ORscraper is an R package designed to extract relevant medical information from clinical reports generated by the Oncomine Reporter software. This package is intended for healthcare professionals and researchers working with genetic data who need to automate the extraction and processing of information from report files. ORscraper provides tools to identify biopsies, extract genetic variants and pathogenicity classifications, filter relevant data, and query databases such as NCBI ClinVar.
Install the released version of remotes from CRAN:
install.packages("ORscraper")You can install ORscraper from GitHub using the following R code:
# Install devtools if not already installed
if (!requireNamespace("devtools", quietly = TRUE)) {
install.packages("devtools")
}
# Install ORscraper from GitHub
devtools::install_github("SamuelGonzalez0204/ORscraper")Below is a basic example of how to use ORscraper to extract information from PDF files:
library(ORscraper)
# Read content from a PDF file
example_pdf <- system.file("extdata", "100.1-example.pdf", package = "ORscraper")

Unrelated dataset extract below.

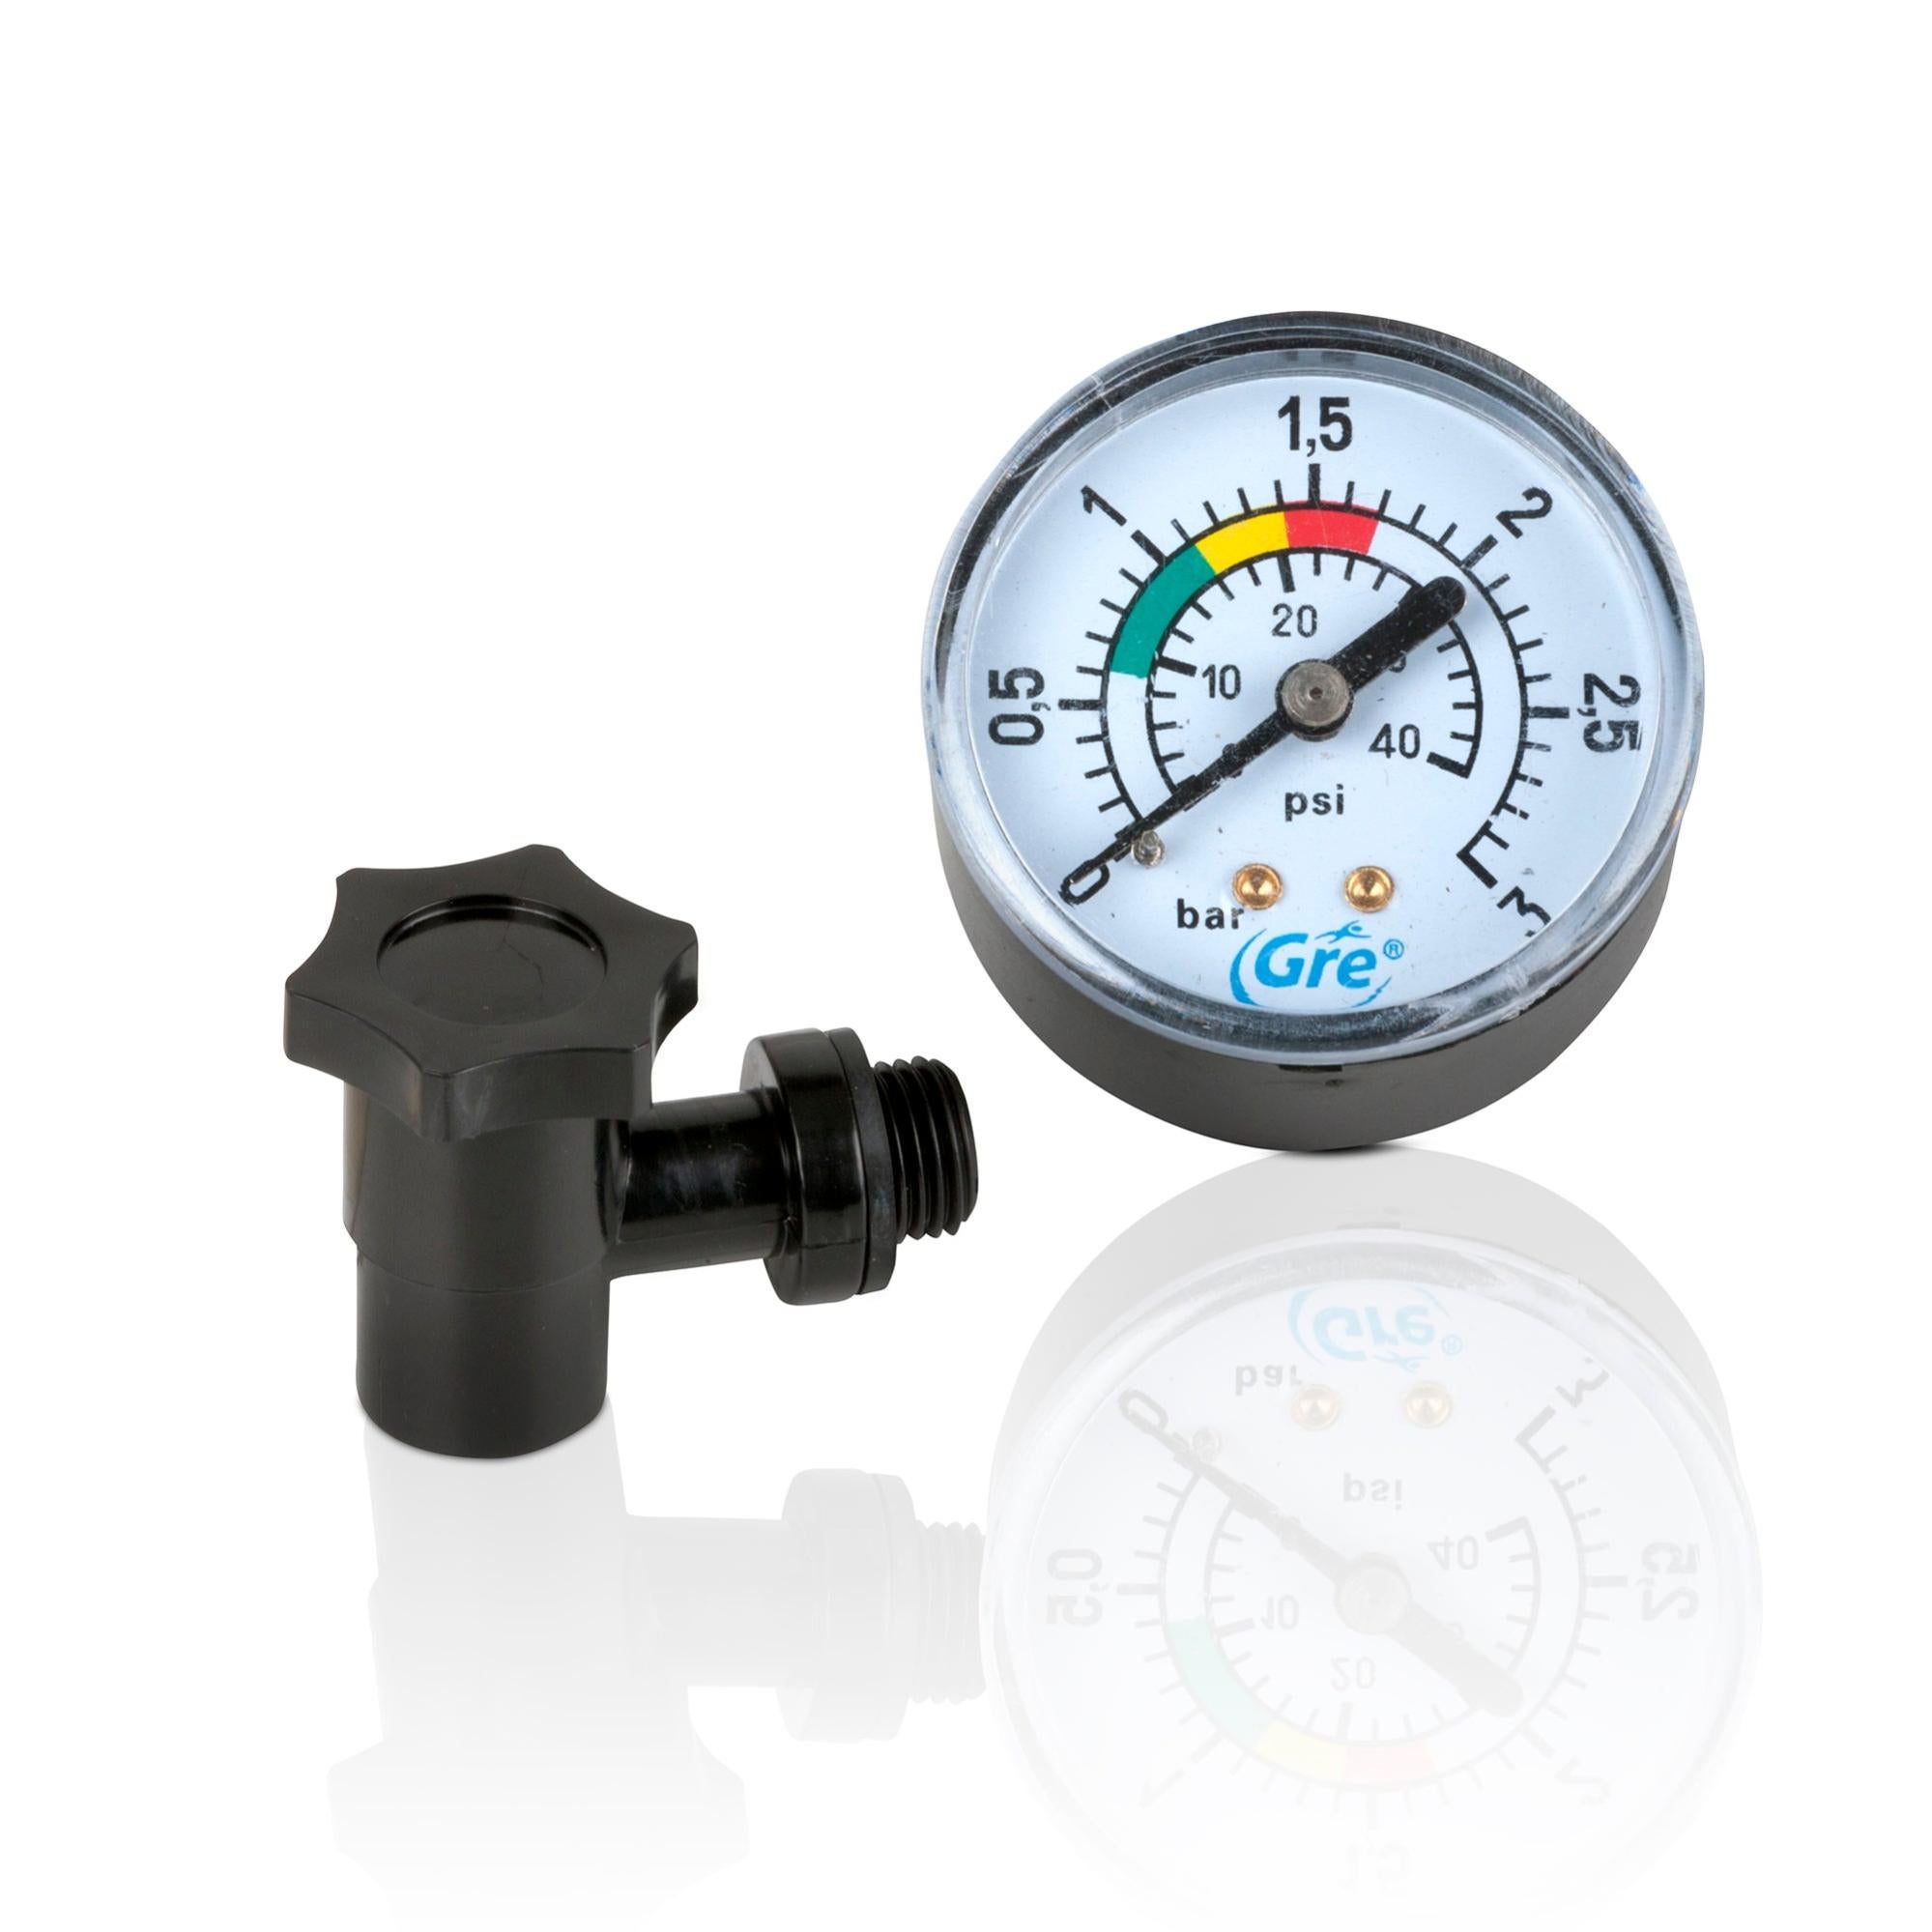 Manomètre de pression d'eau - Comment ça marche ?

lines <- read_pdf_content(example_pdf)
# Read content from mutation tables
genesFile <- system.file("extdata", "Genes.xlsx", package = "ORscraper")
genes <- read_excel(genesFile)
mutations <- unique(genes$GEN)
# Extract mutations values from the extracted text
genes_mut <- c()
pathogenicities <- c()
tableValues <- extract_values_from_tables(lines, mutations)

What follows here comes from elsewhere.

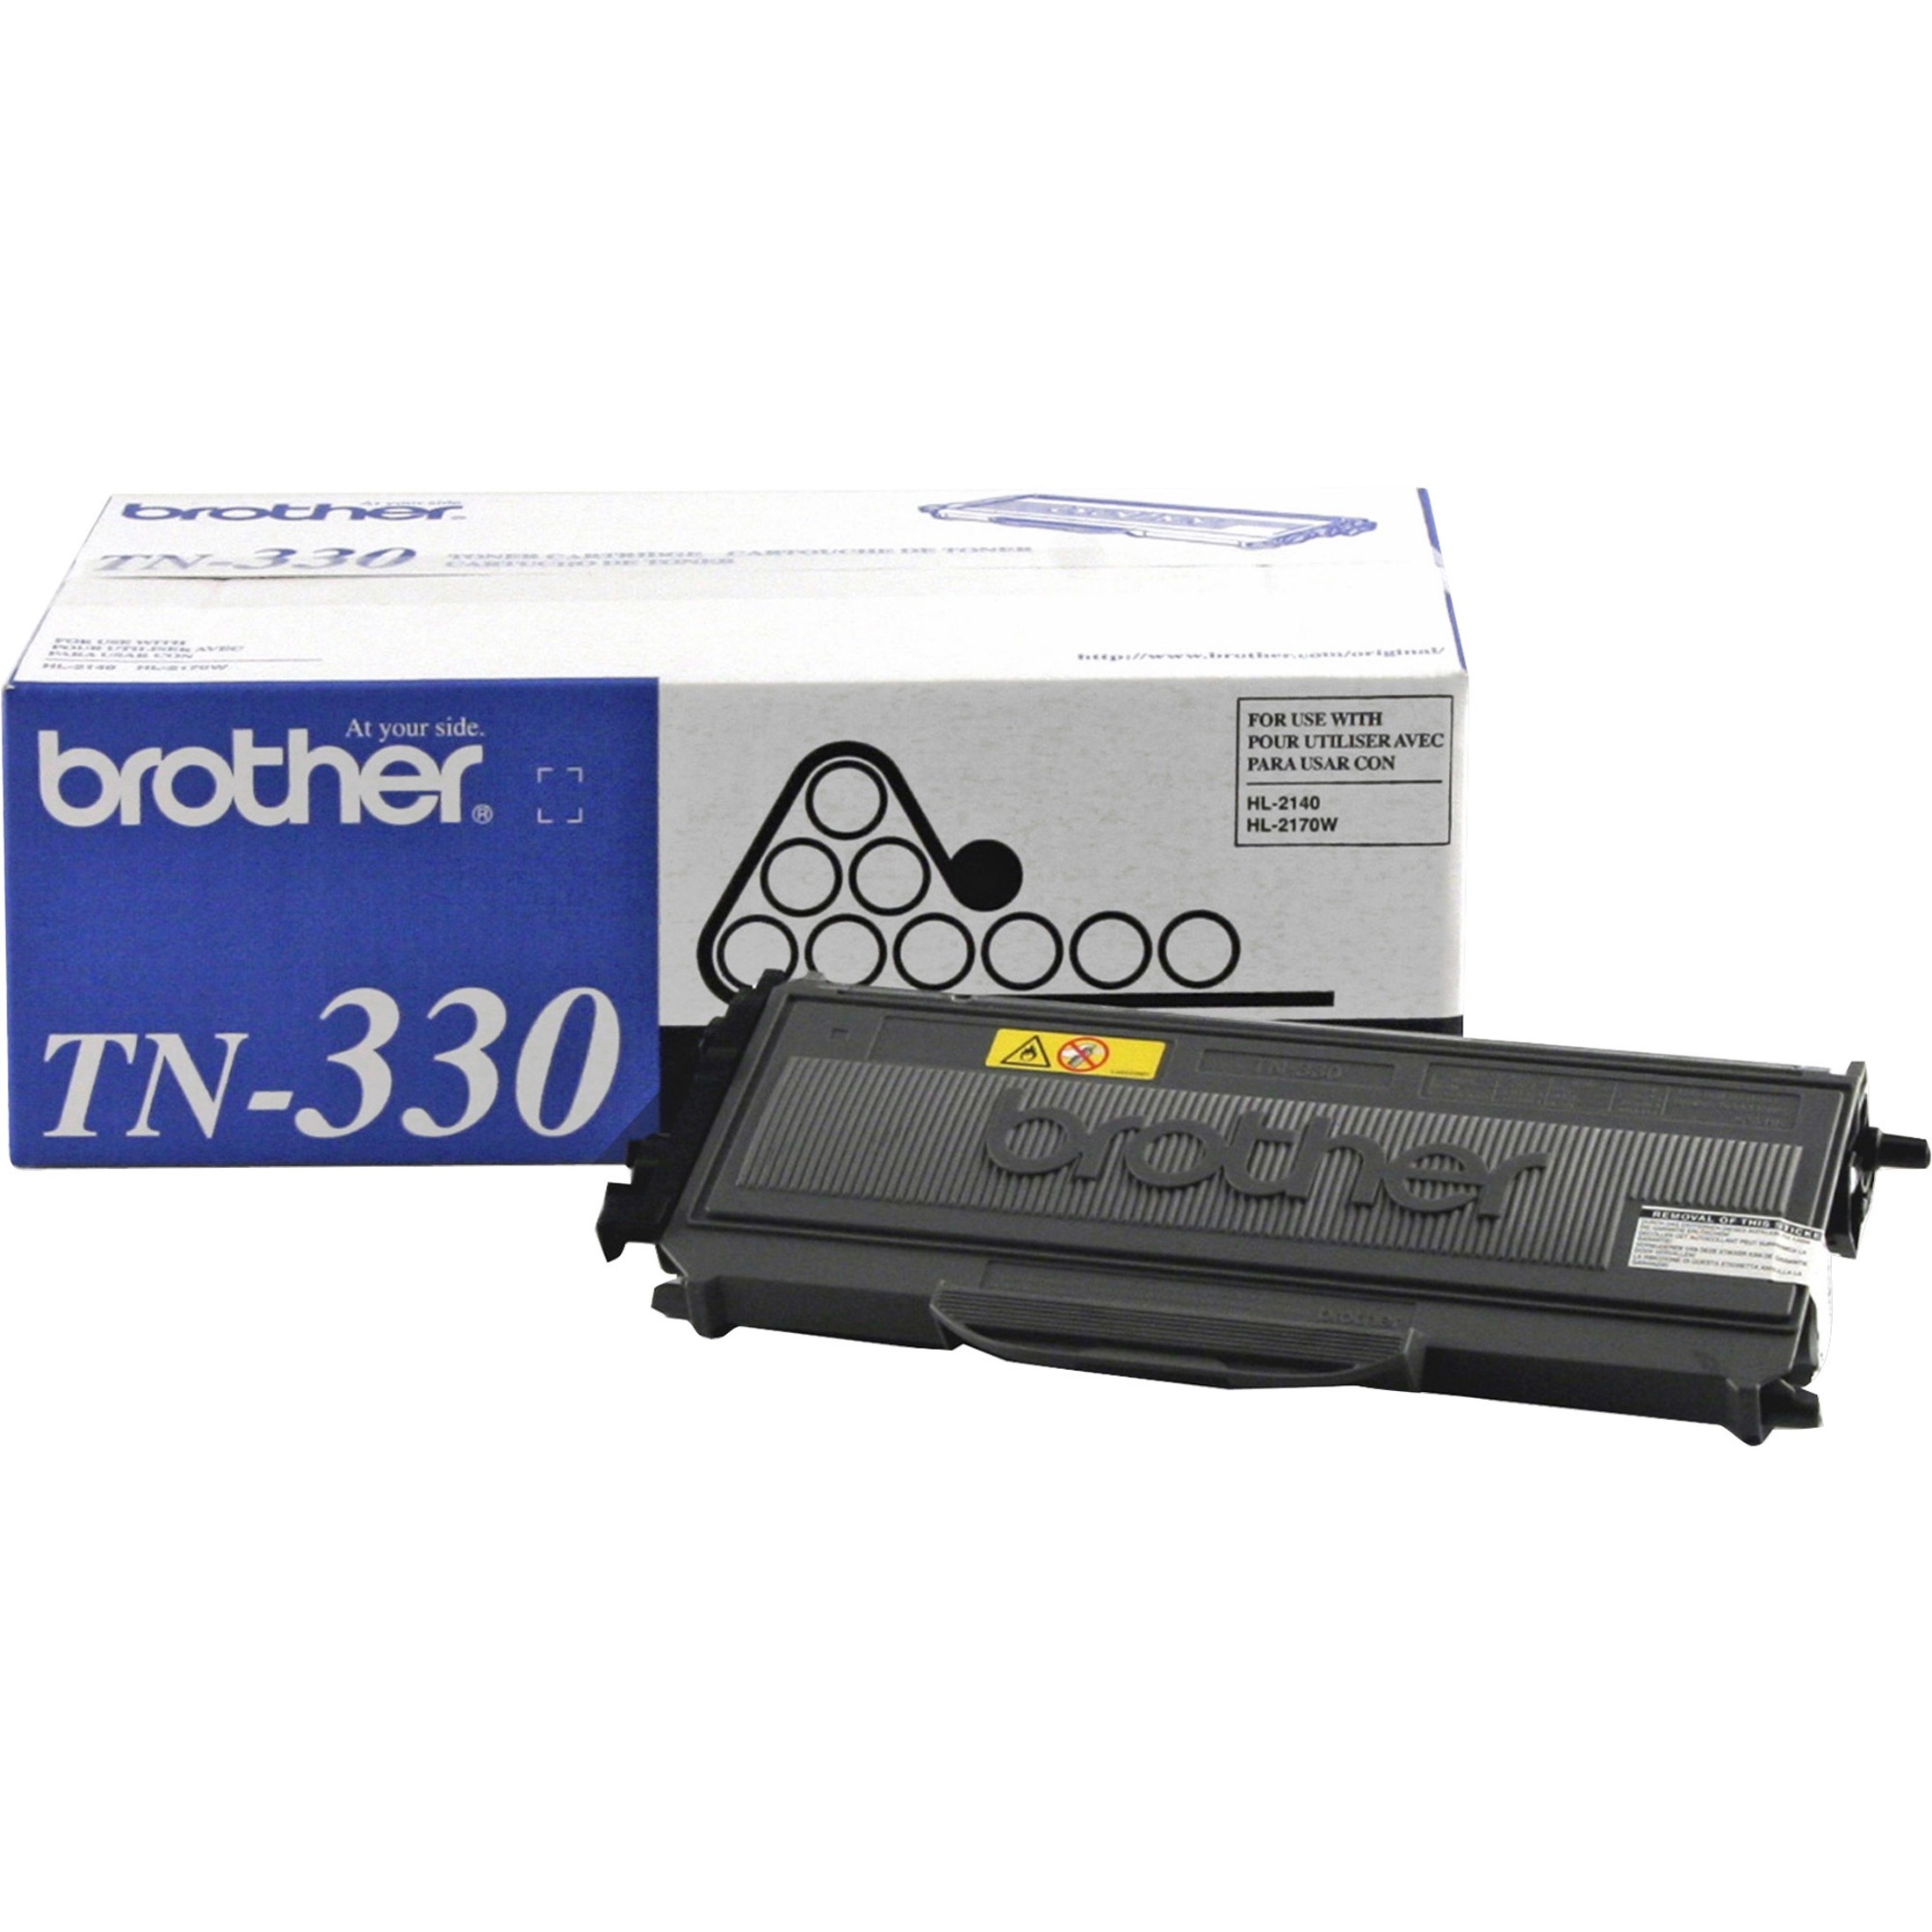 Elite Image Remanufactured Toner Cartridge - Alternative for Brother TN330 - Black - image 1 of 2

genes_mut <- c(genes_mut, tableValues[1])
pathogenicities <- c(pathogenicities, tableValues[2])
# Filter only pathogenic mutations
pathogenic_mutations <- filter_pathogenic_only(pathogenicities, genes_mut)

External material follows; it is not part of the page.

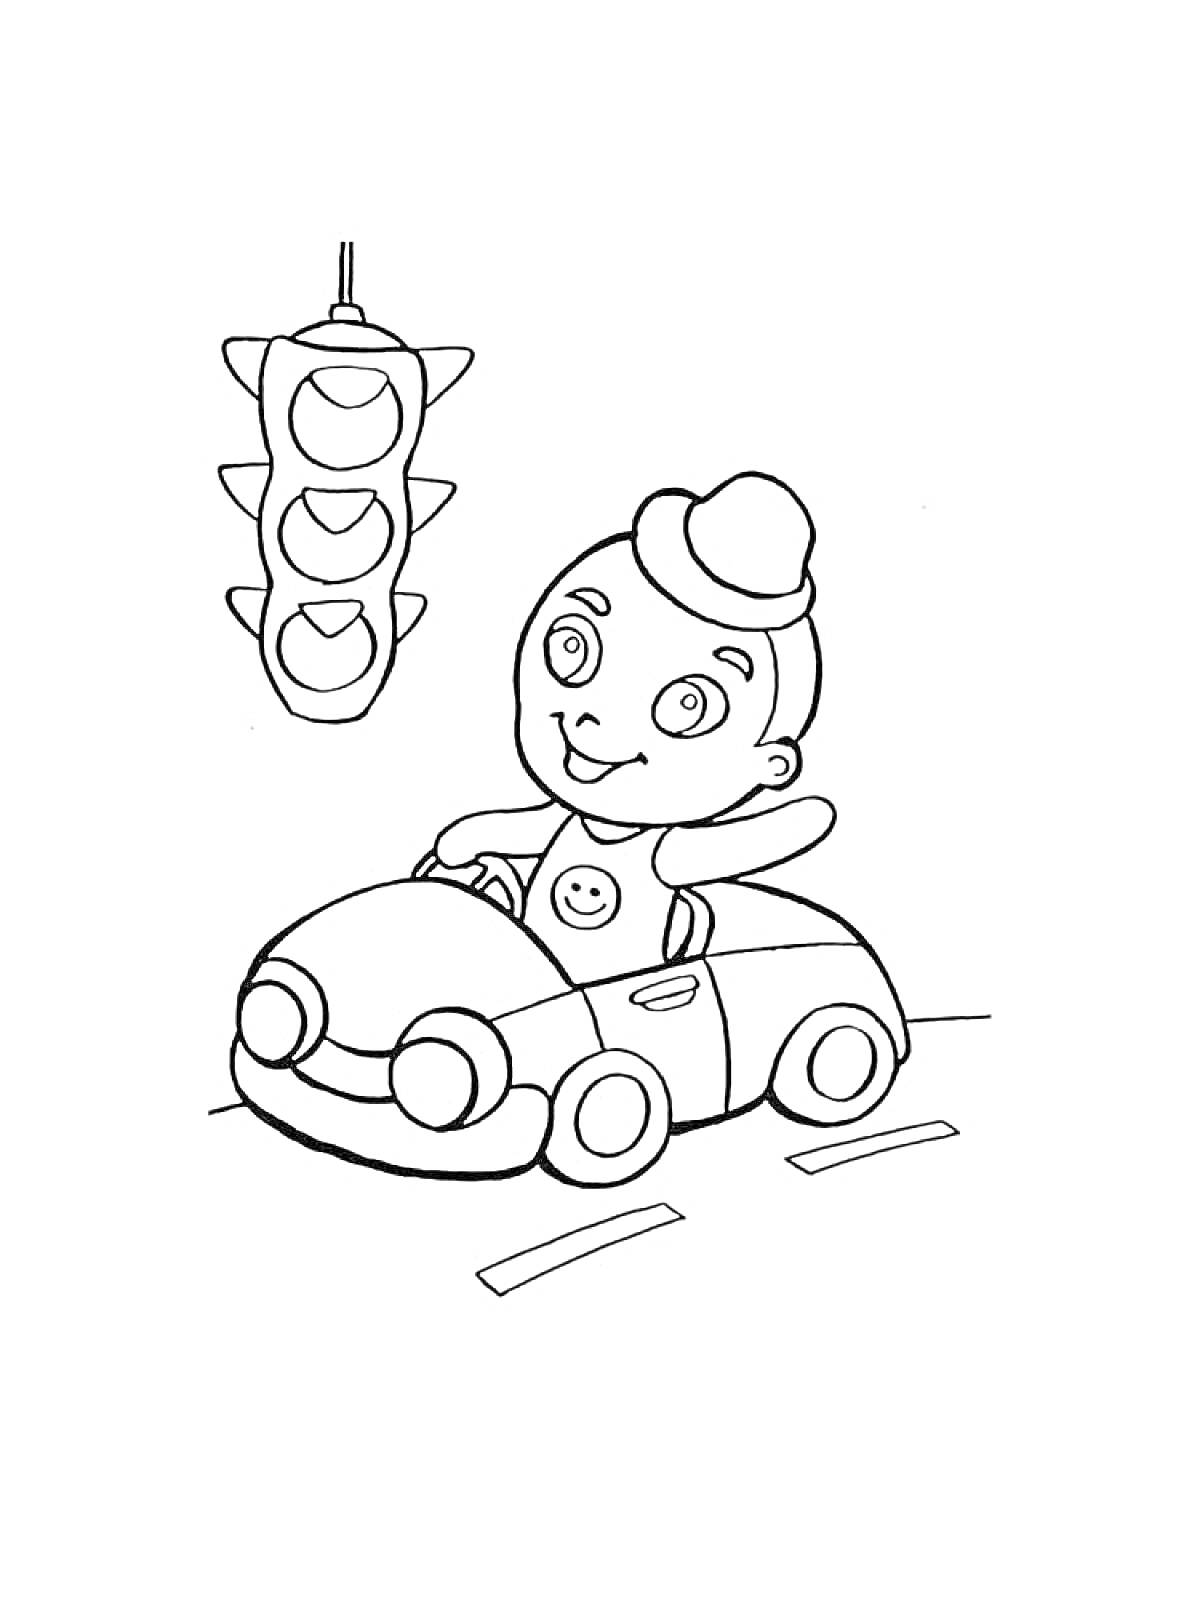 Раскраска Ребенок в машине под светофором

print(pathogenic_mutations)The ORscraper package includes several key functions:
-
classify_biopsy(): Analyzes biopsy identifiers and categorizes them based on predefined rules. -
extract_chip_id(): Extracts chip values from filenames matching specific patterns. -
extract_fusions(): Identifies and extracts fusion variants from text lines. -
extract_intermediate_values(): Searches for a specific text pattern and extracts consecutive values. -
extract_values_from_tables(): Extracts information such as mutations, pathogenicity, and frequencies from tables in reports. -
extract_values_start_end(): Extracts values based on start and end markers. -
filter_pathogenic_only(): Filters mutations, retaining only those marked as “Pathogenic.” -
read_pdf_content(): Extracts the content of a PDF and splits it into individual lines. -
read_pdf_files(): Scans a directory and retrieves all PDF files. -
search_ncbi_clinvar(): Queries the NCBI ClinVar database for germline classifications.